[DATA Boundary: Start]
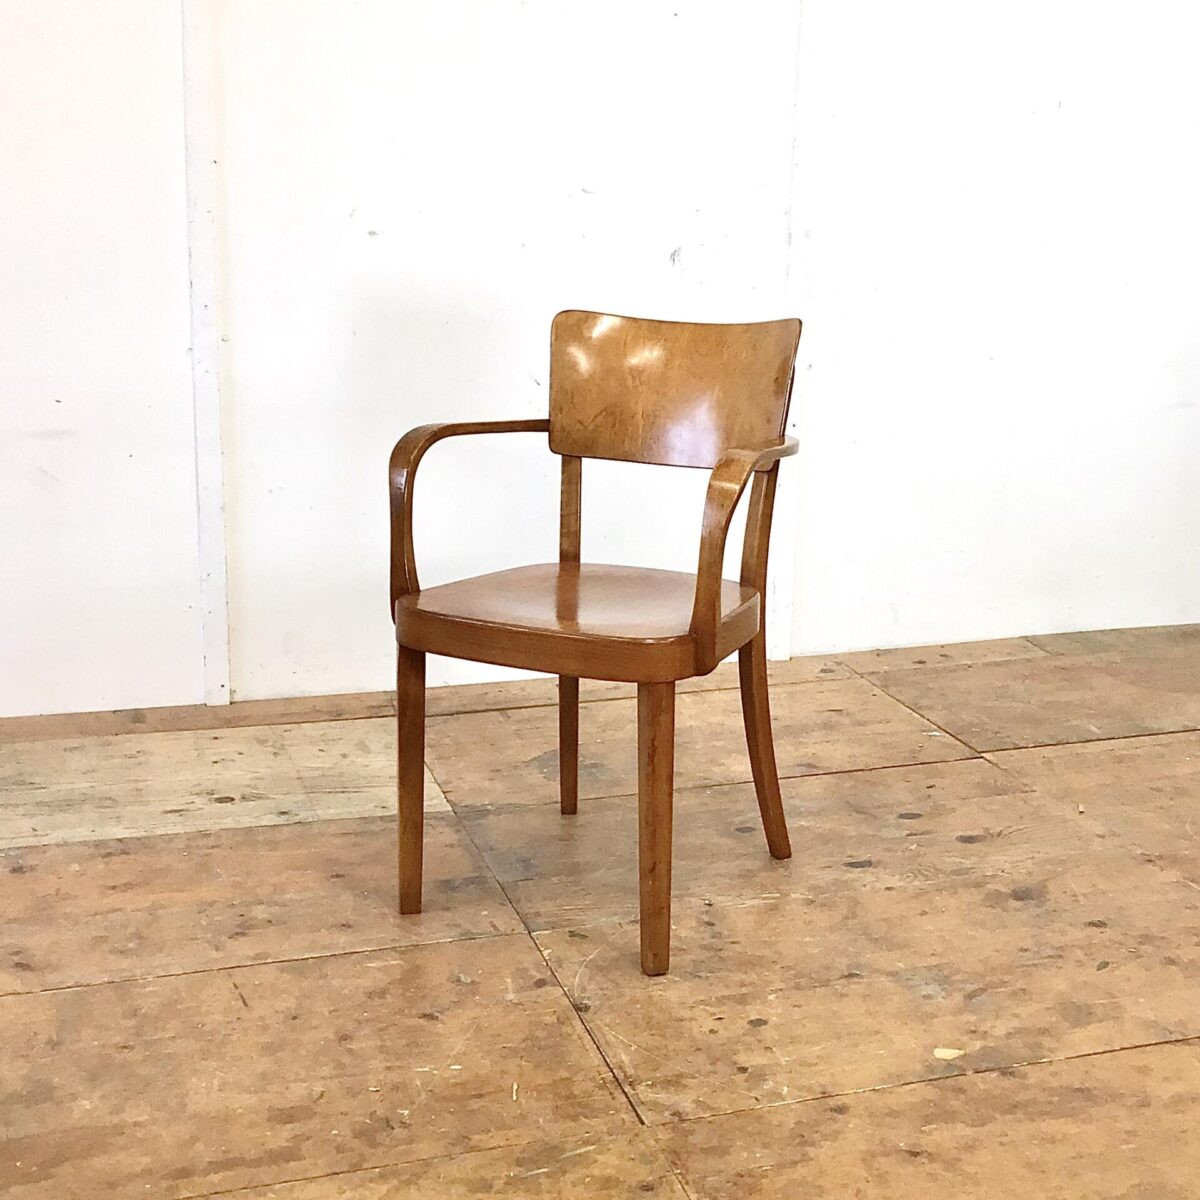 Deuxieme.shop Schöner horgenglarus Armlehnstuhl in gutem Original Zustand. Dieser Stuhl wird heute noch unter dem Namen Safran produziert, jedoch ohne Armlehnen und etwas kleiner. Dieser Stuhl ist mittlerweile selten zu finden, und ist wegen seiner Bequemlichkeit und formschönen Verarbeitung sehr begehrt. Die warme dunkelbraune Ausstrahlung lässt sich nicht nachproduzieren. Das entsteht nur mit dem Lauf der Zeit.
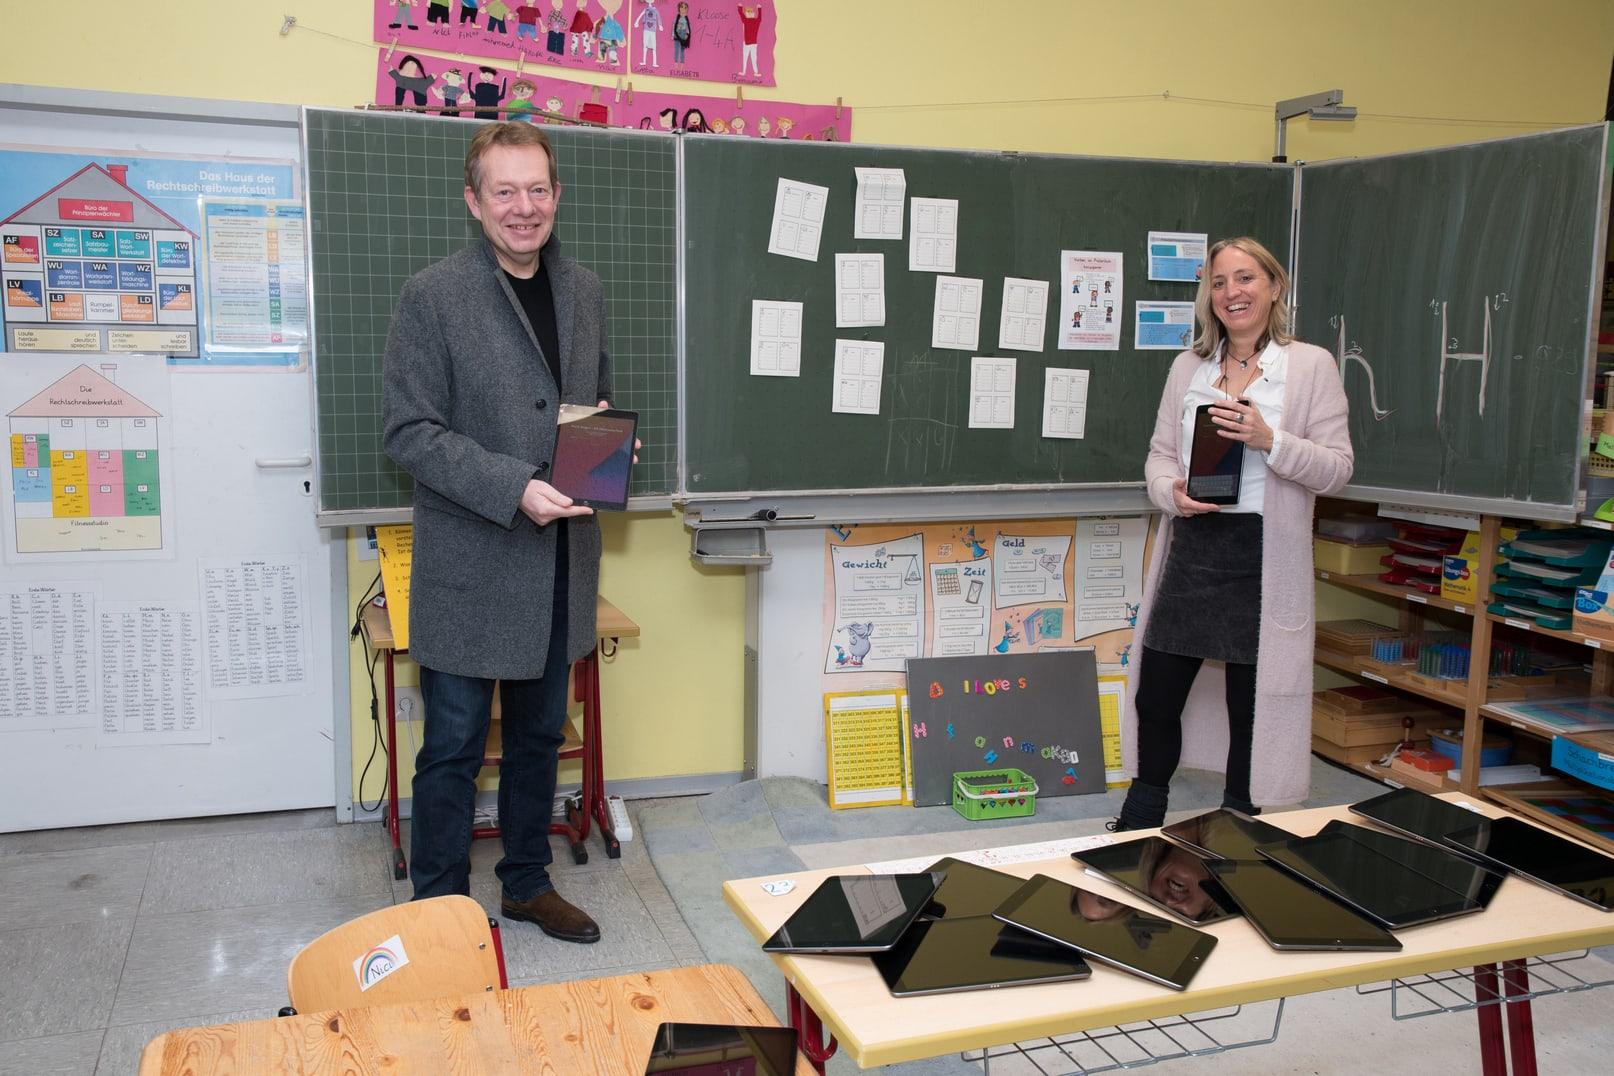 Bild: Mobile Endgeräte ausgeliefert: Über 1.900 Tablets für Digital-Unterricht an Siegener Schulen
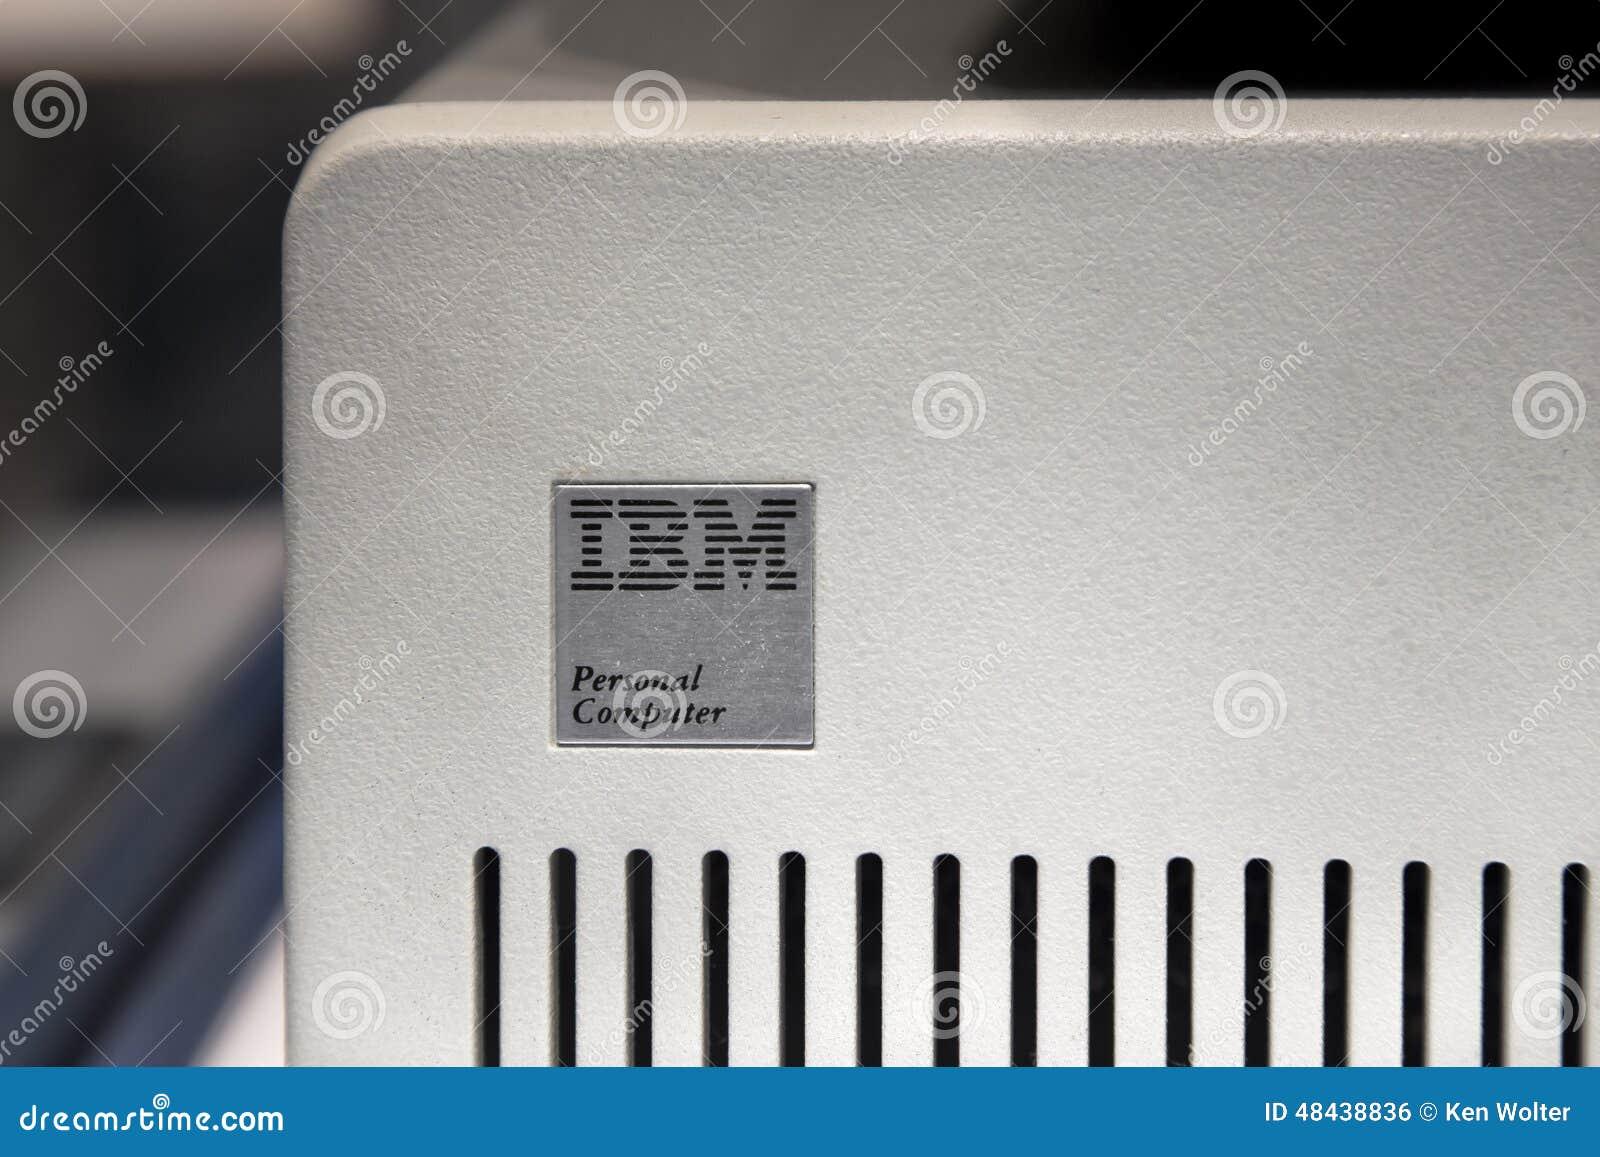 Αρχικό προσωπικός Η/Υ της IBM
[DATA Boundary: End]
◆ ABOUT THIS TASK: Write out exactly the lines beginning with the line that holds "Bild: Mobile Endgeräte" and ending with the final line of the data, both ends included, without the pictures.

◆ RESPONSE AREA:
 Bild: Mobile Endgeräte ausgeliefert: Über 1.900 Tablets für Digital-Unterricht an Siegener Schulen
 Αρχικό προσωπικός Η/Υ της IBM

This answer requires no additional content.